Continued in-breeding between domestic animals is known to lead to genetic deterioration. Small populations of wild animals face the same risk. If a population drops below 100 breeding individuals, as is the case with most surviving rhino populations, there can be a loss of genetic material through random events, such as too few females being born; or floods, fires, disease or poaching may reduce the number of reproductive females or males. Loss of reproductive capacity may follow so that the population begins to grow smaller and smaller, and continues to lose genetic variability until it becomes demographically unstable.

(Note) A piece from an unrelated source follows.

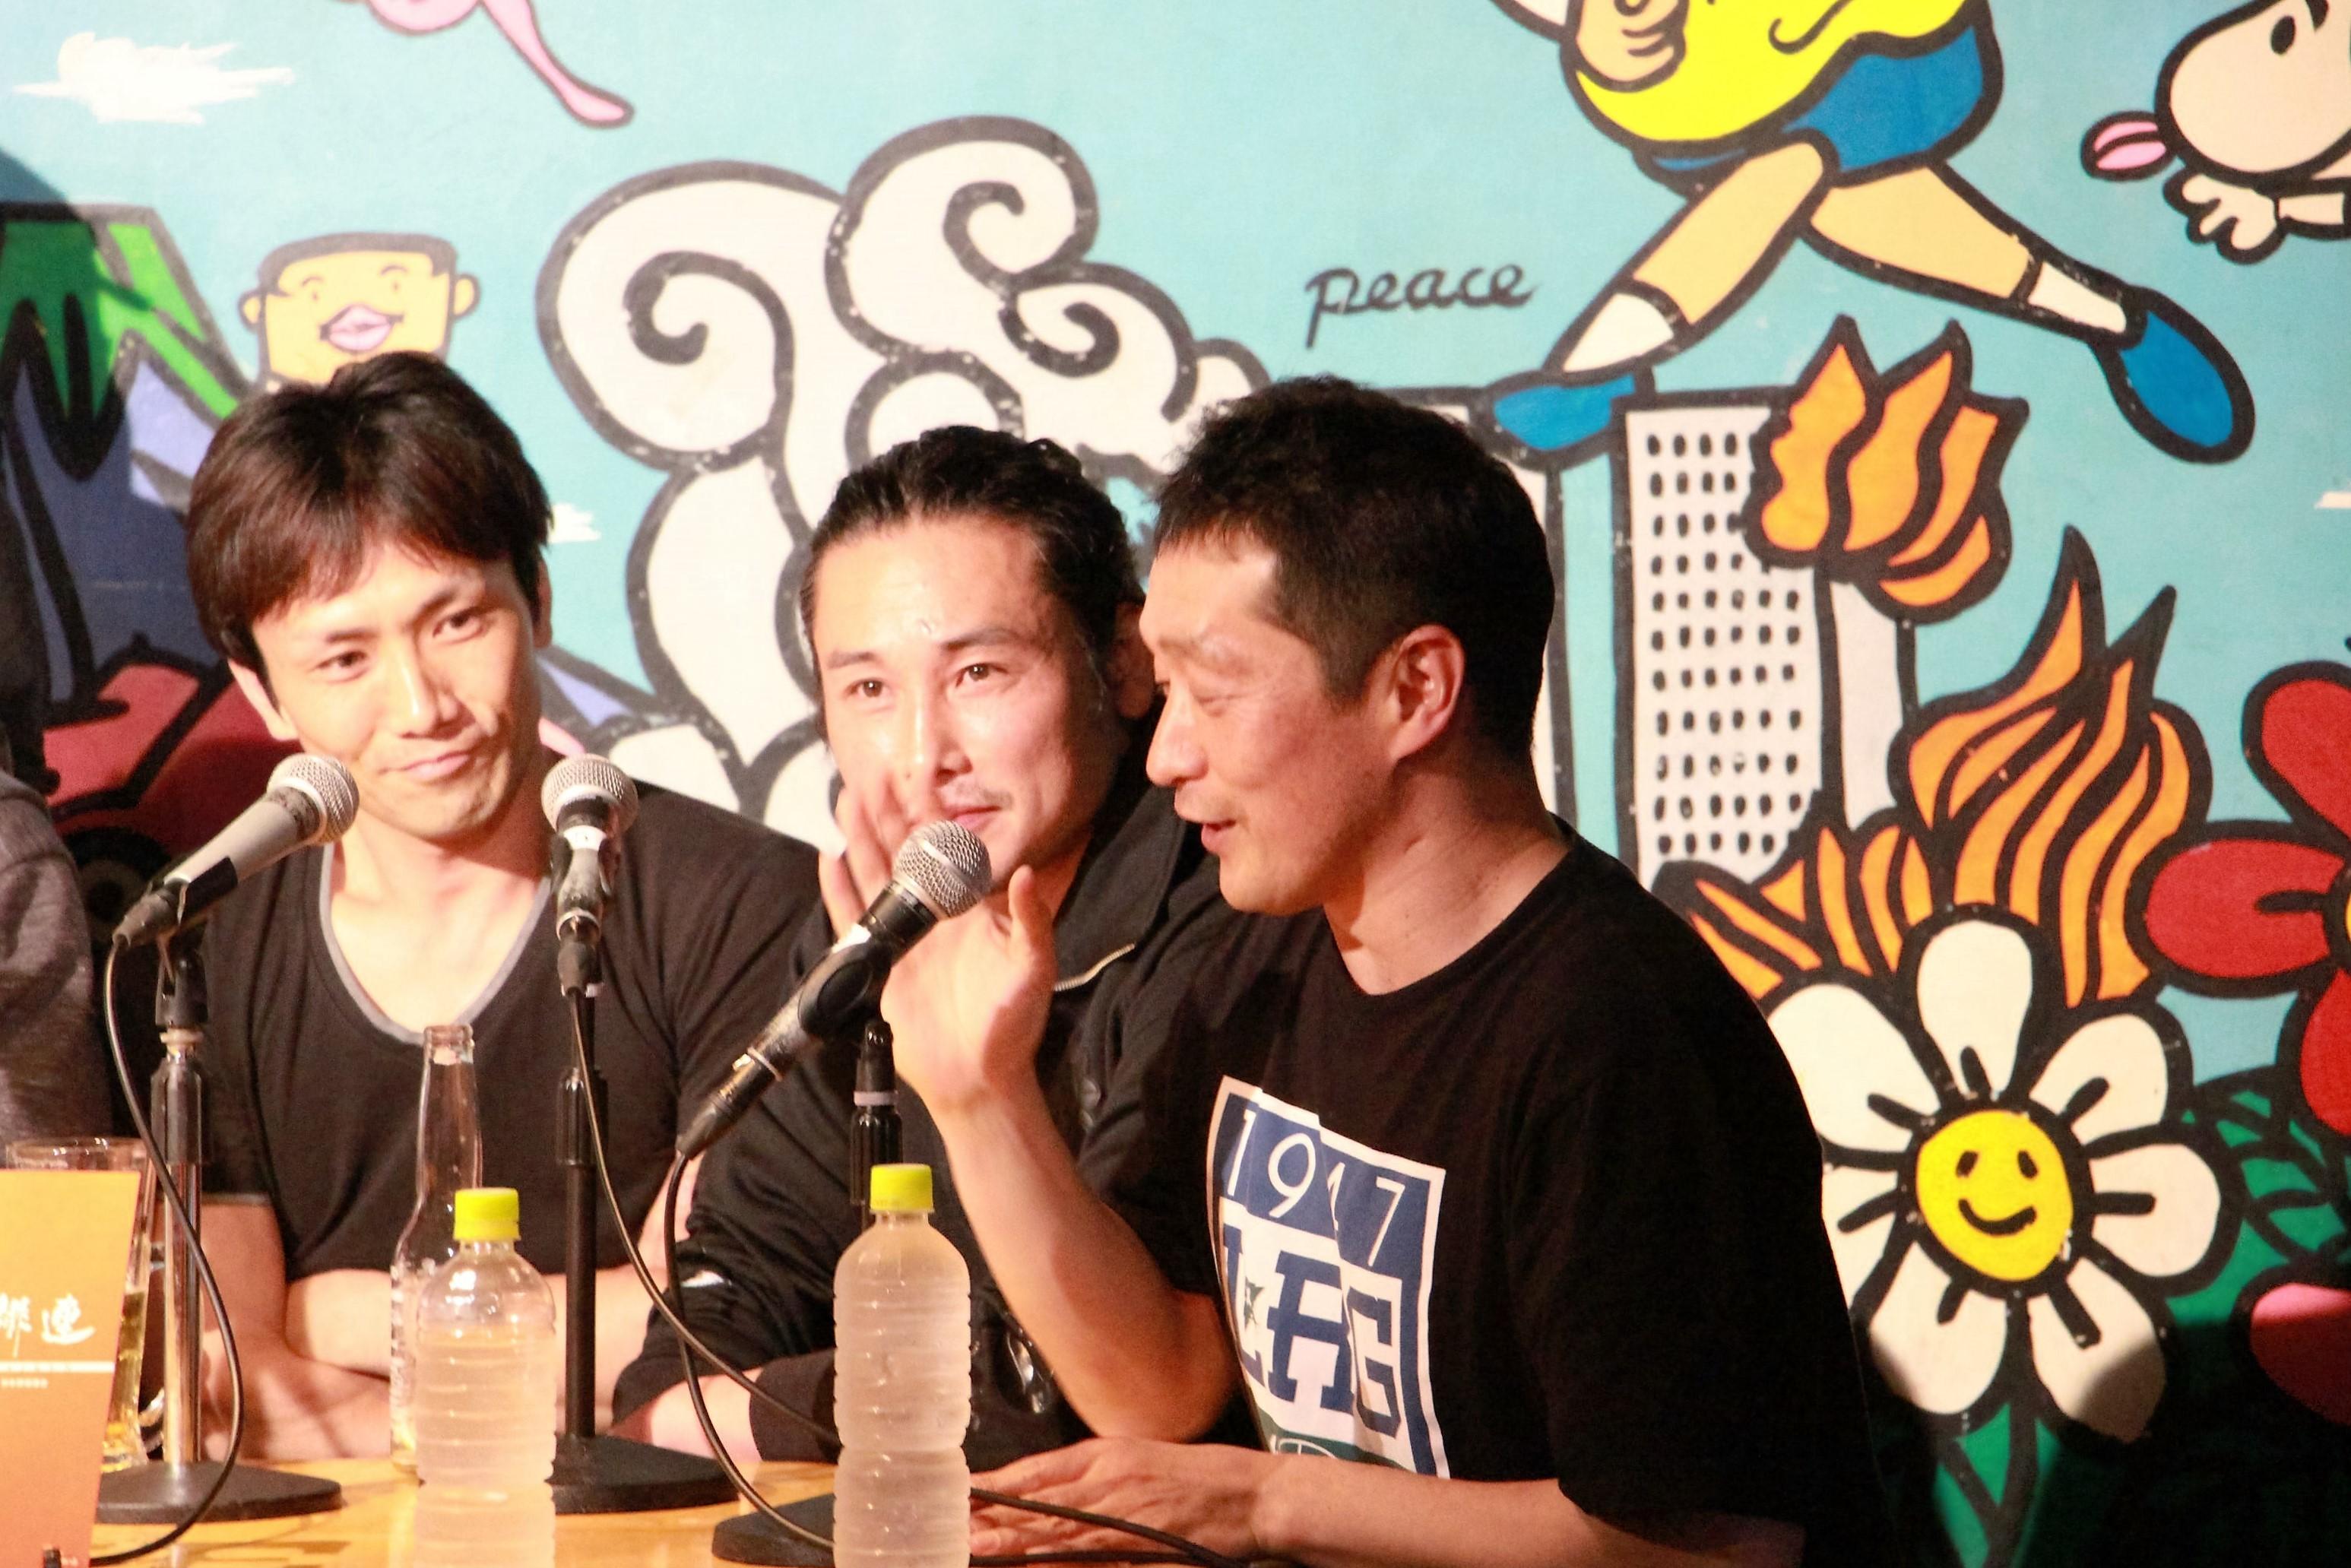 坂本浩一氏は高校卒業後に渡米 以降、日米両国で活躍している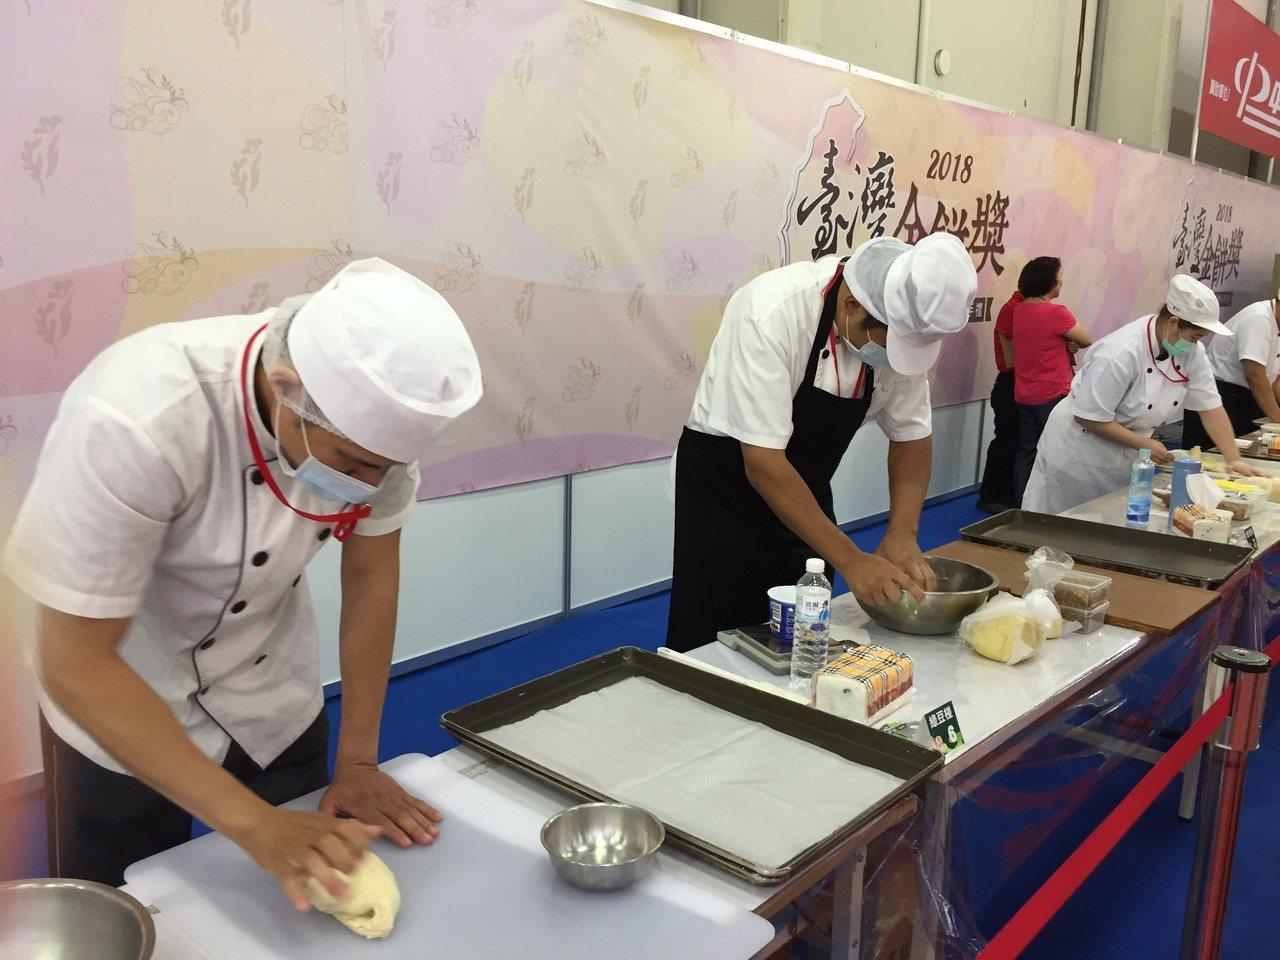 「台灣金餅獎糕餅競賽」在台中世貿中心舉行。記者余采瀅/攝影

By then, such a population is virtually doomed because it enters an "extinction vortex": small size leads to increased in-breeding, leading to lower birthrate and survival, and thence to reduced population growth rate in a continuing cycle until the population dies out.

Although no signs of ill effects have so far been noted in small rhino populations, the danger remains. Precautionary steps are necessary because genetic deterioration may not be observed until it is too late. Specialists in small-population biology recommend moving at least one male per generation between populations (which may be wild or captive) to maintain genetic variability. This is why breeding groups of rhinos in zoos are being established and managed as a reserve against deterioration or extinction in the wild.